As viúvas da aldeia
Uma mulher contra o patriarcado numa pequena aldeia do Kosovo. É este o retrato no centro de Colmeia, primeira obra de Blerta Basholli, modesta e sem rasgo, que ainda assim conquistou Sundance.
Estão cada vez mais na moda as histórias de mulheres fortes ou que afrontam a ordem misógina de determinadas sociedades. É o bom ar do tempo. Acima de tudo, essas histórias são veículos naturais para realizadoras que se querem lançar no panorama com uma mensagem relevante. Caso de Blerta Basholli, cineasta que foi buscar inspiração para a sua primeira longa-metragem a uma mulher sua conterrânea que se dignou montar um pequeno negócio debaixo dos olhares raivosos dos homens de uma aldeia, depois de esperar anos por notícias do marido, um dos milhares de desaparecidos no conflito do Kosovo, que em 1999 deixou muitas mulheres numa condição incerta de viuvez.
Colmeia centra-se nessa figura feminina real, Fahrije, interpretada por Yllka Gashi, uma atriz de rosto granítico, e com zero de vaidade, que leva o filme na sua direção única: a da autonomia de um grupo de viúvas que vão perdendo o medo do falatório na aldeia, à medida que veem Fahrije ganhar imunidade ao meio patriarcal. Com efeito, é ela quem dá o corpo ao manifesto, começando por se atrever a tirar a carta de condução e, de seguida, recrutando a primeira dessas mulheres para a ajudar a fazer ajvar, uma especiaria dos Balcãs (massa de pimentão), que experimentam pôr à venda nas prateleiras de um supermercado.

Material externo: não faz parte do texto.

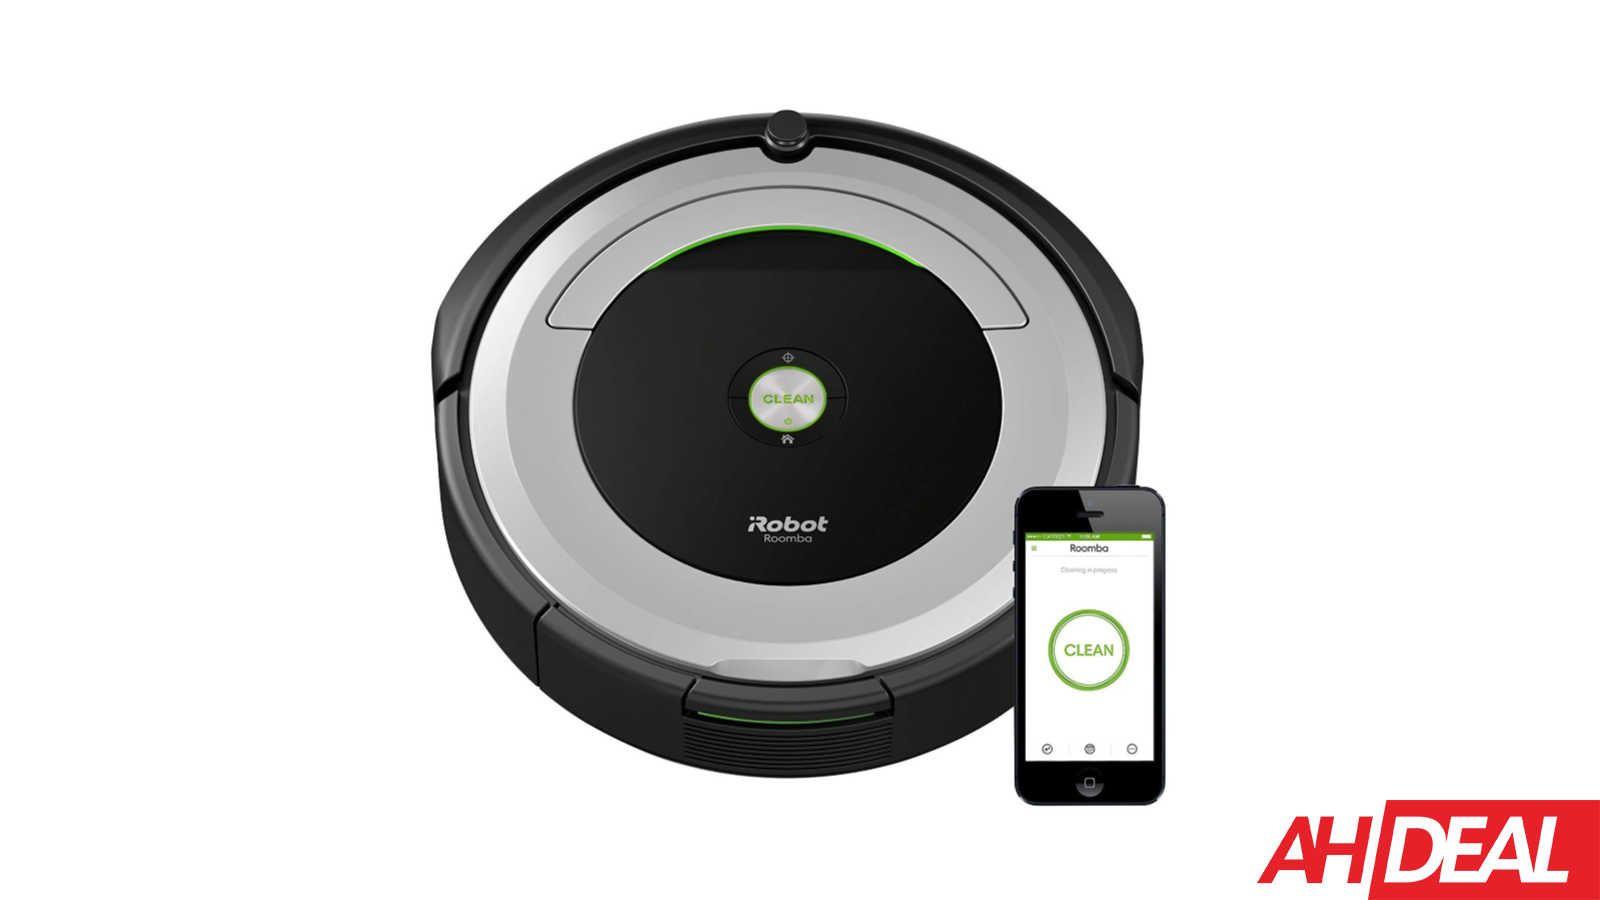 6c7c6db910420e193fbba3e06ff05e8a - How To Get Roomba 690 To Clean Whole House

Por cada passo firme, esta heroína discreta e desenrascada levará com a aversão masculina da vizinhança, que tanto pode ser uma pedra atirada ao vidro do carro, como a vergonha do sogro, que, numa cadeira de rodas, não pode ajudá-la a sustentar a casa, mas também não quer deixá-la prosseguir com esse desígnio.
Se Fahrije faz o que faz para pôr o pão na mesa e dar um futuro aos dois filhos adolescentes, não é menos verdade que antes disso está o seu próprio desejo de tomar as rédeas da sua vida e seguir em frente. Naquele que é o detalhe mais inteligente de Colmeia, vemos como a protagonista é sempre picada pelas abelhas quando vai recolher o mel – algo que, segundo diz, nunca acontecia com o marido, porque esse era o seu domínio. No entanto, o título do filme parece remeter mais para o coletivo de mulheres que se juntam na produção do ajvar à volta dessa abelha-rainha que é Fahrije.

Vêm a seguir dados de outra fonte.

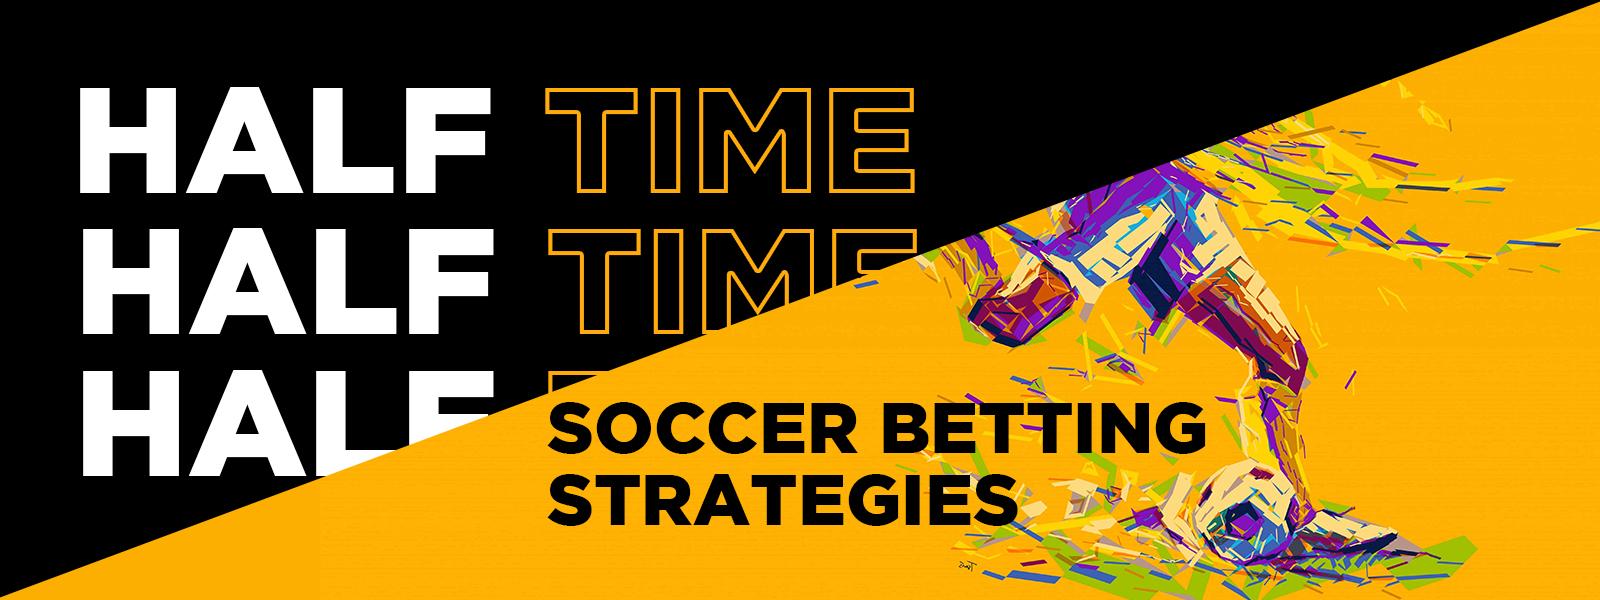 Half Time Soccer Betting Strategies

Tudo isto é muito respeitável, e percebe-se porque é que o filme de Basholli despertou as atenções em Sundance, onde venceu os prémios do júri, do público e ainda pela realização (enfim, este último não se compreende lá muito bem). Mas num olhar que extravase o tema e a sinopse, não há nada que o eleve acima de qualquer produção do género. É uma fita esquálida, dramaticamente tépida, sem graça, nem sabor, o que não deixa de ser curioso quando falamos do mel ou da especiaria que vemos ser preparada em algumas cenas.
A realizadora focou-se tanto na “importância de contar esta história” que se esqueceu de lhe dar cor, textura e rasgo, ou o que quer que fosse que desviasse Colmeia dos clichés de um cinema à flor da pele, sem vida suficiente nos corpos que filma com interesse mediano. A captação do mundo destas mulheres é tão plana e vazia de nuances que saber se estamos no Kosovo ou não é relativamente indiferente.